#### [Aim of the exercise]
From the first line to the last, restate the material word for word; pictures stay out.

#### [Stored data]
>>>>>

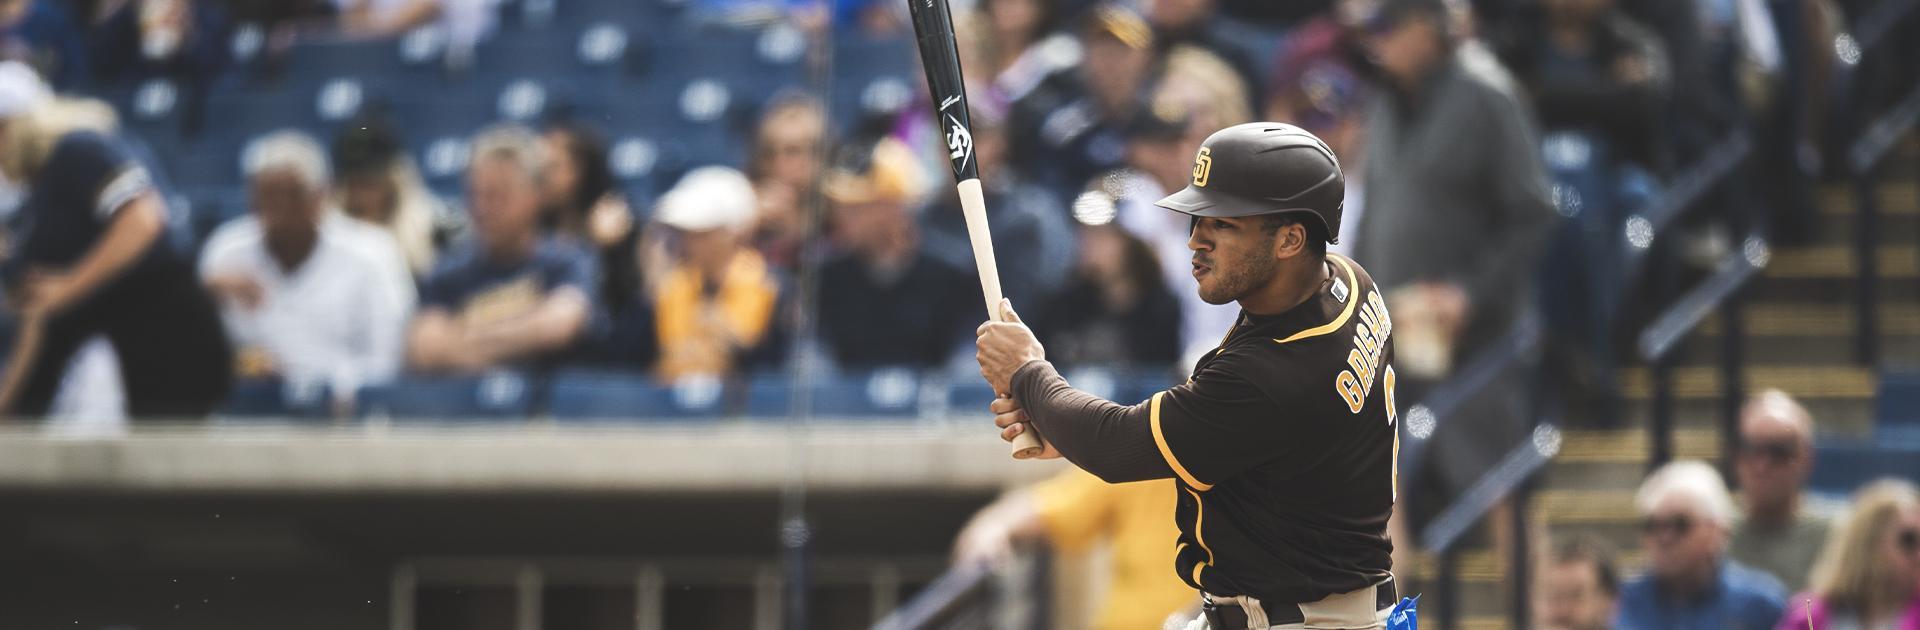 Trent-Grisham-Louisville-Slugger-Baseball-Bat
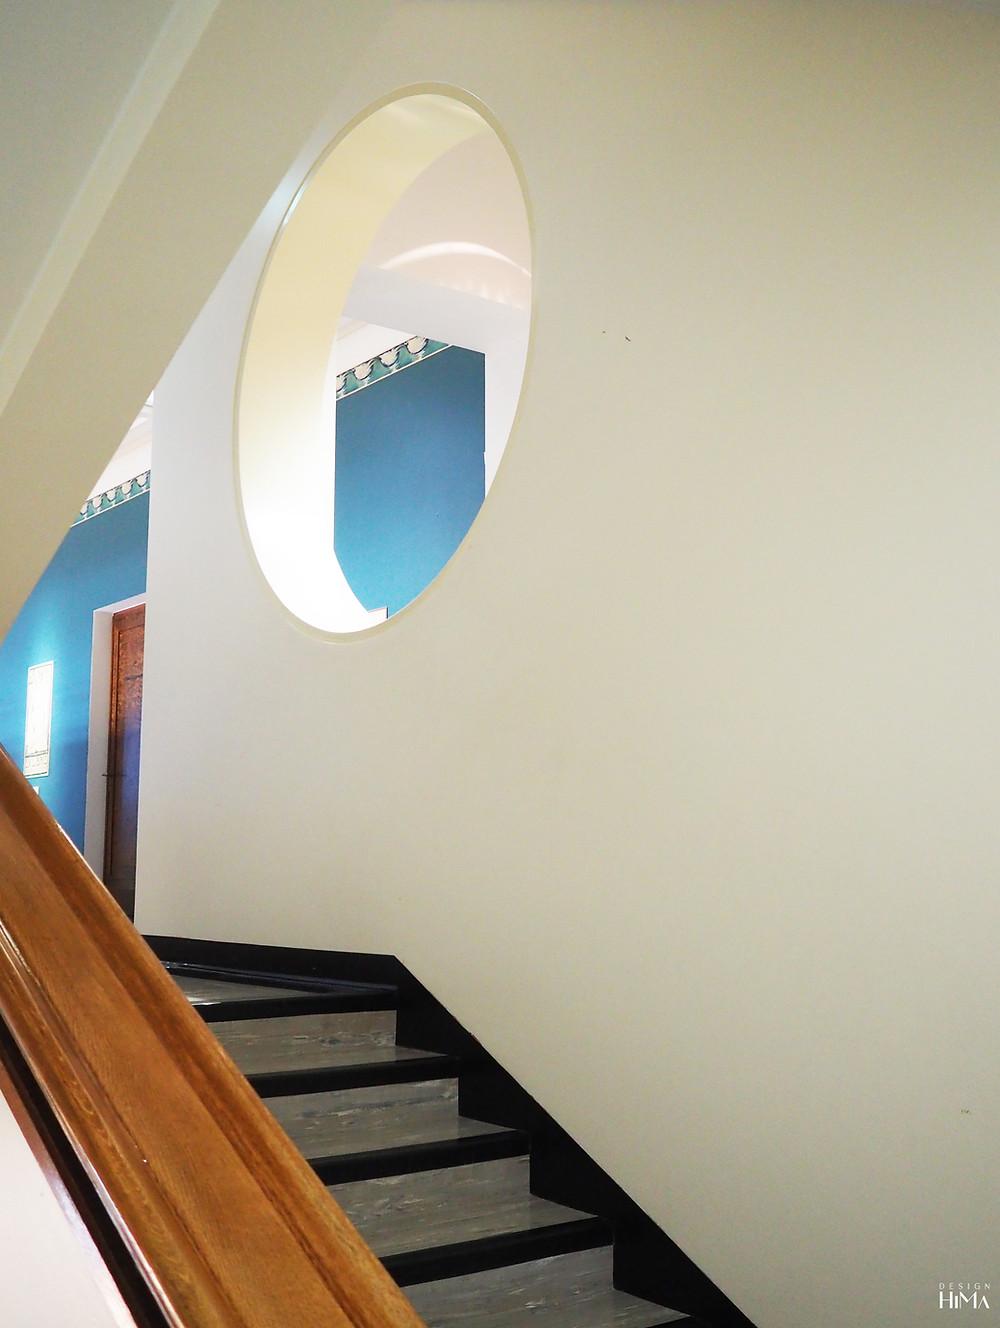 Gustaf-museo portaikko
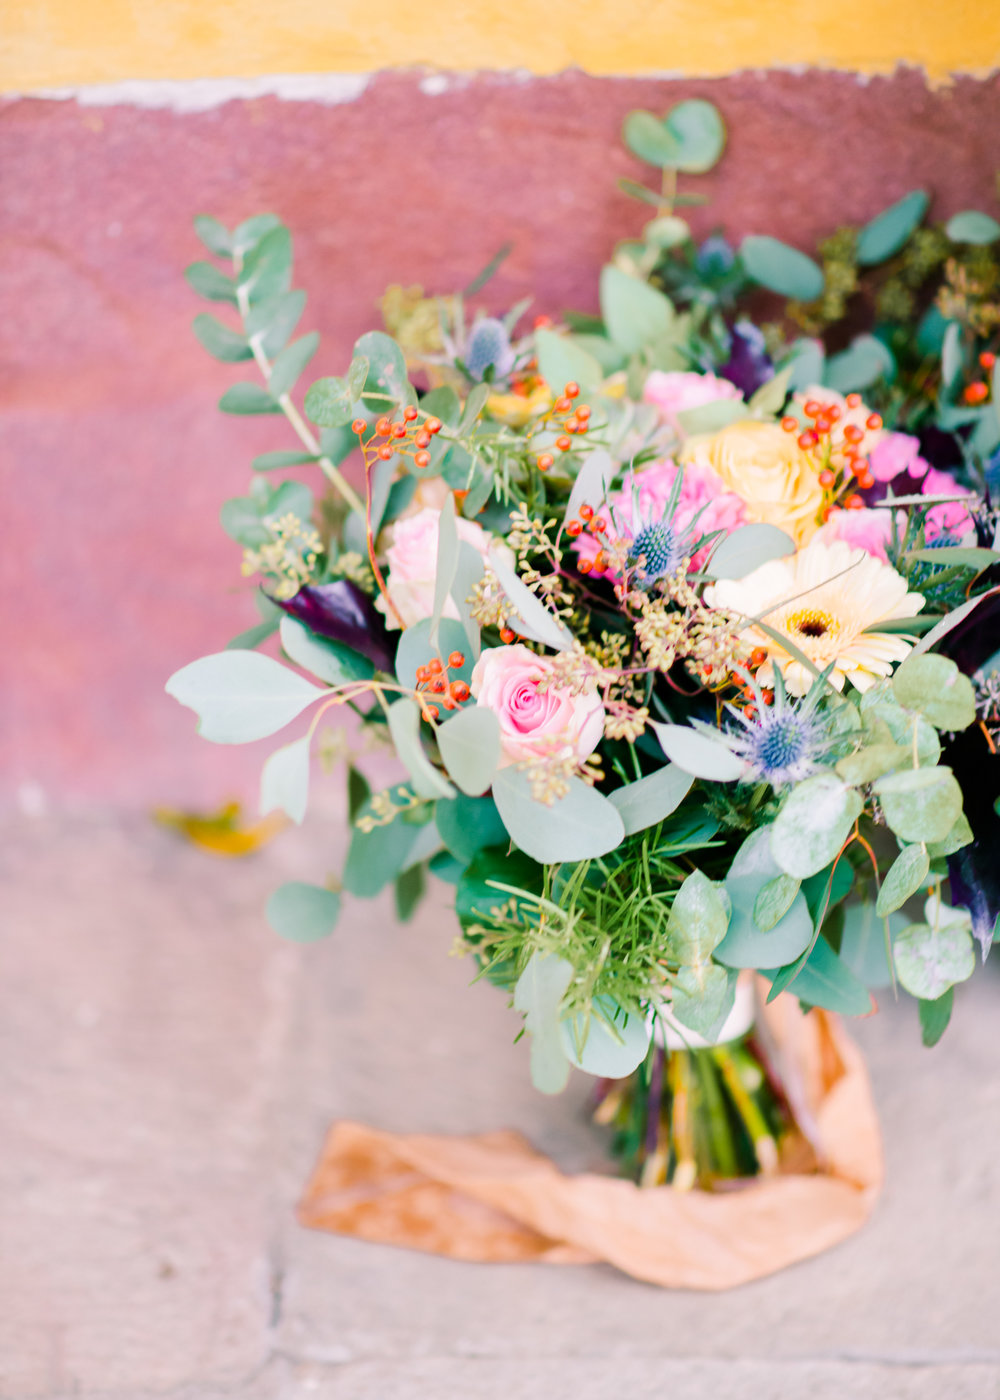 Elegant Organic Fall Swedish Bridal Wedding Styled Shoot - Erika Alvarenga Photography-109.jpg
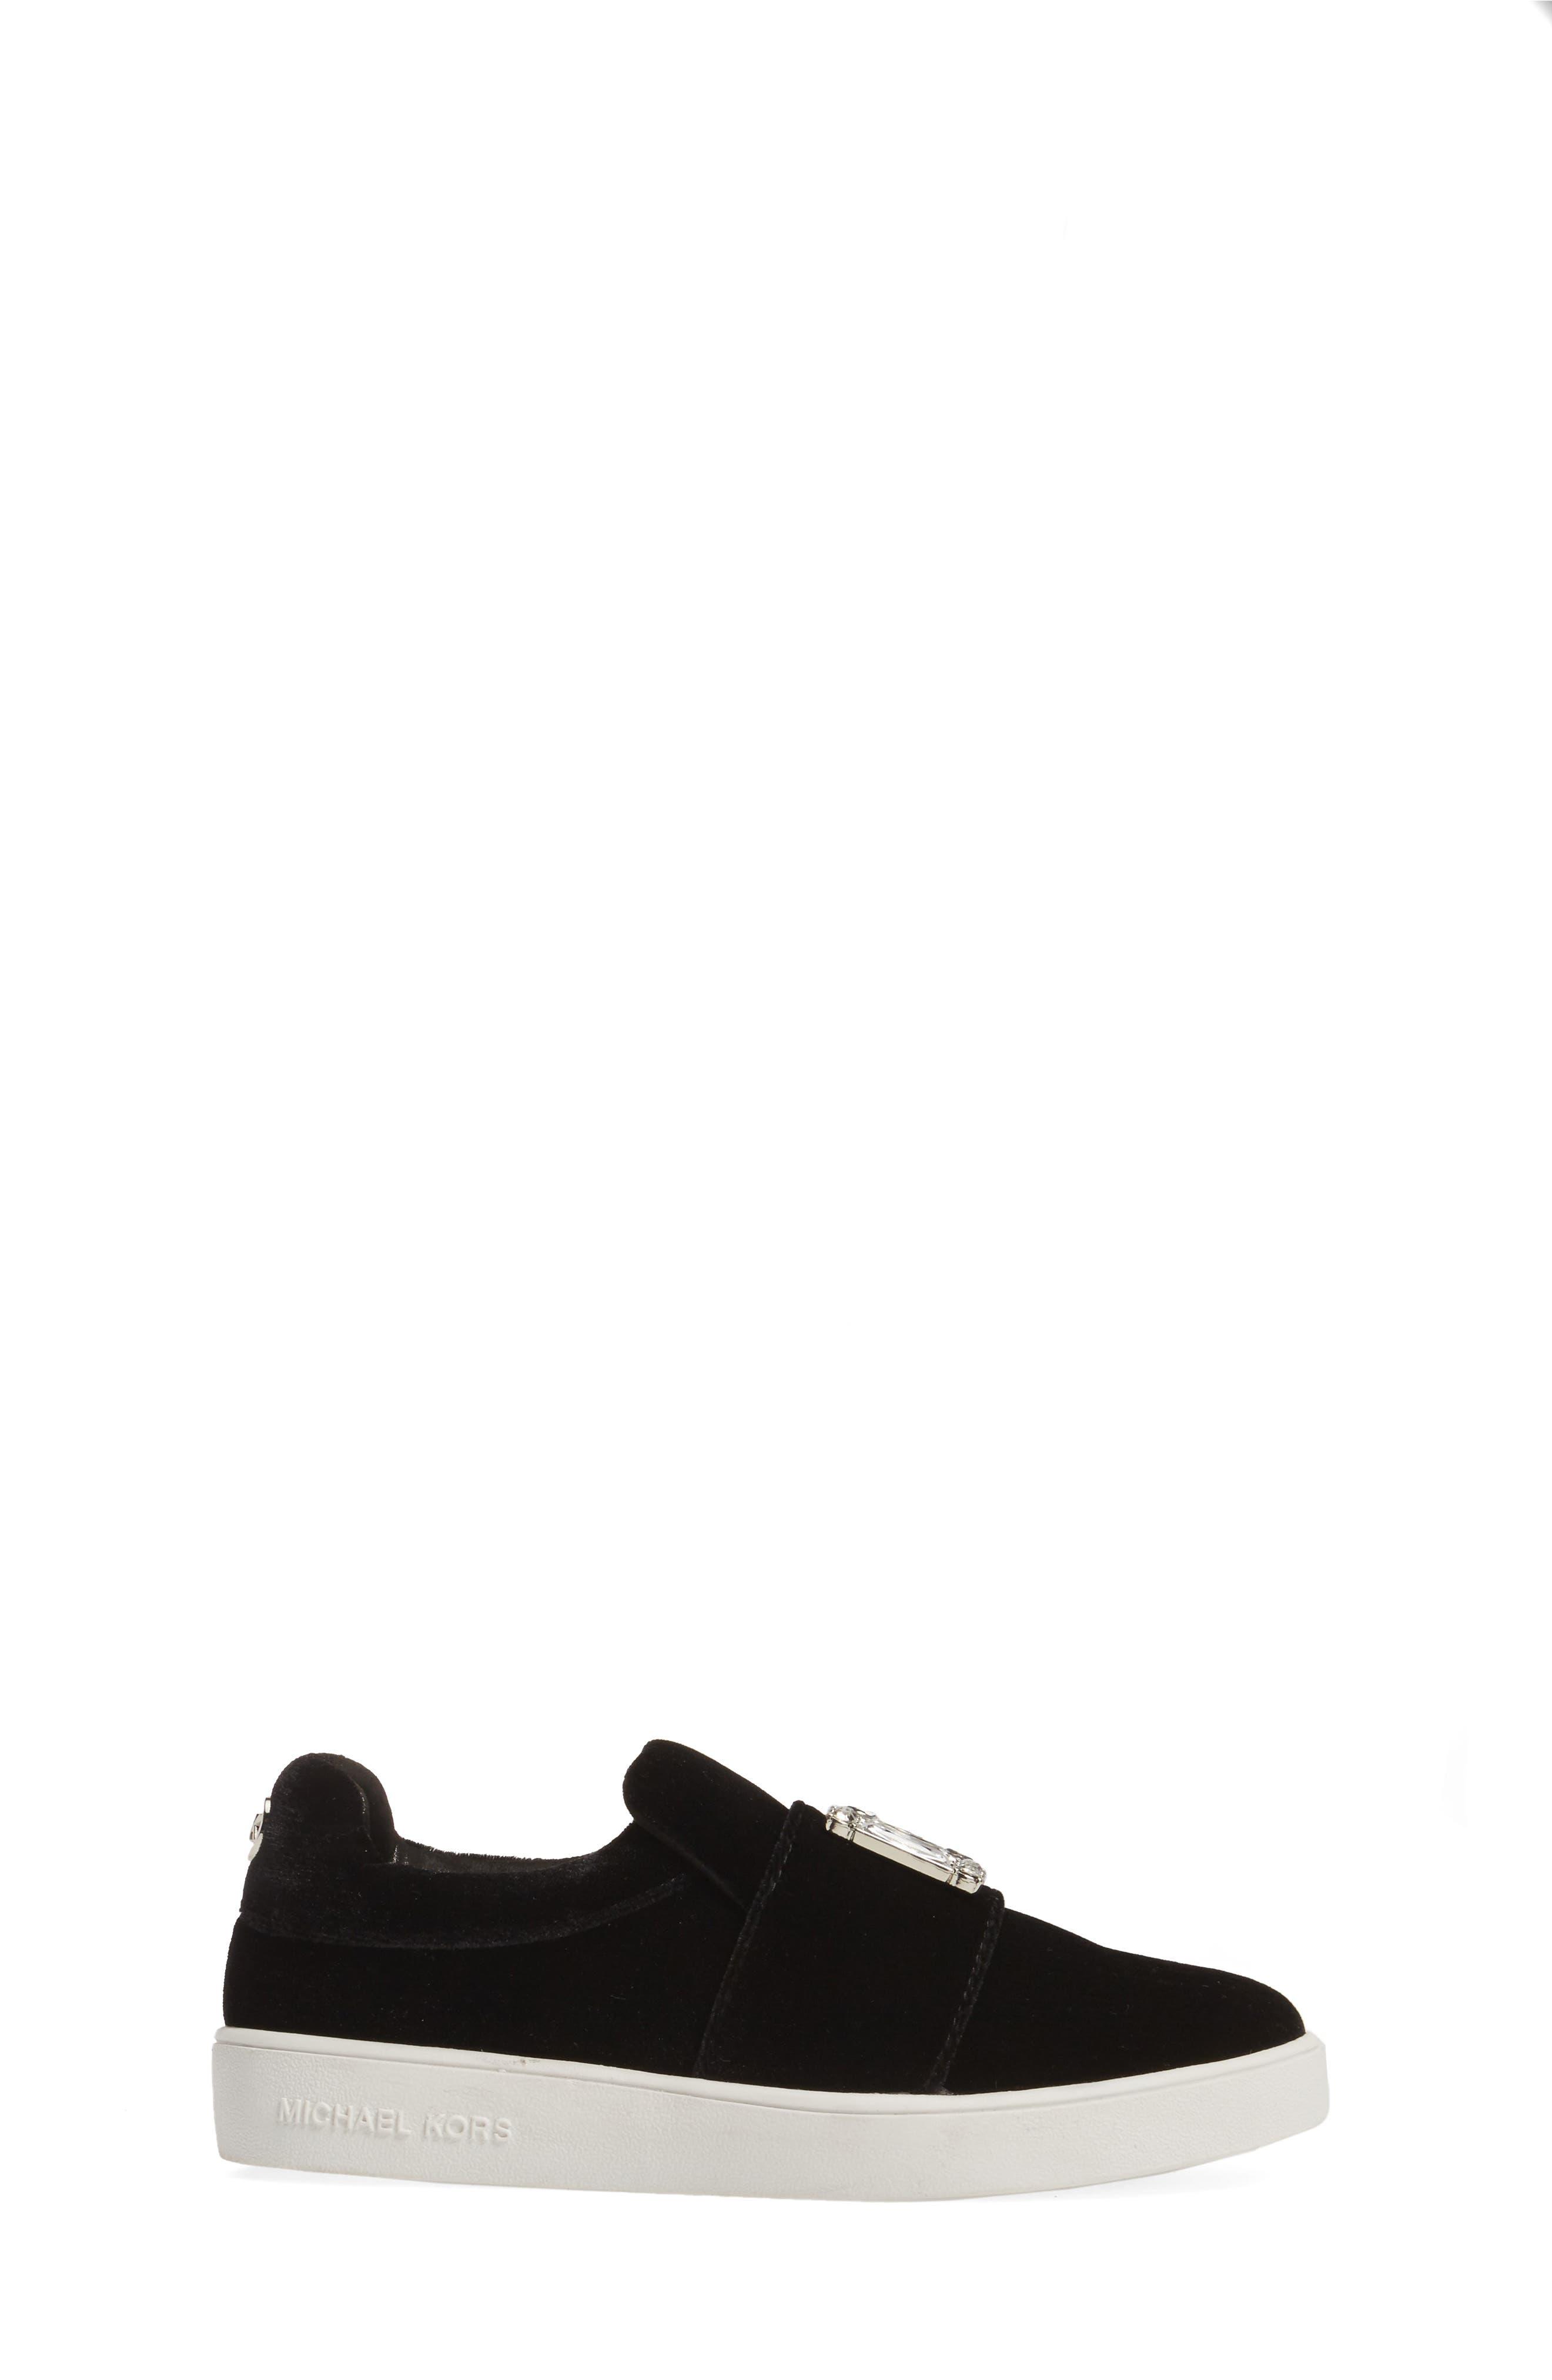 Ivy Dream Embellished Slip-On Sneaker,                             Alternate thumbnail 3, color,                             001

<<<<<

#### [Answer area]
 Trent-Grisham-Louisville-Slugger-Baseball-Bat
 Gustaf-museo portaikko
 Elegant Organic Fall Swedish Bridal Wedding Styled Shoot - Erika Alvarenga Photography-109.jpg
 Ivy Dream Embellished Slip-On Sneaker,                             Alternate thumbnail 3, color,                             001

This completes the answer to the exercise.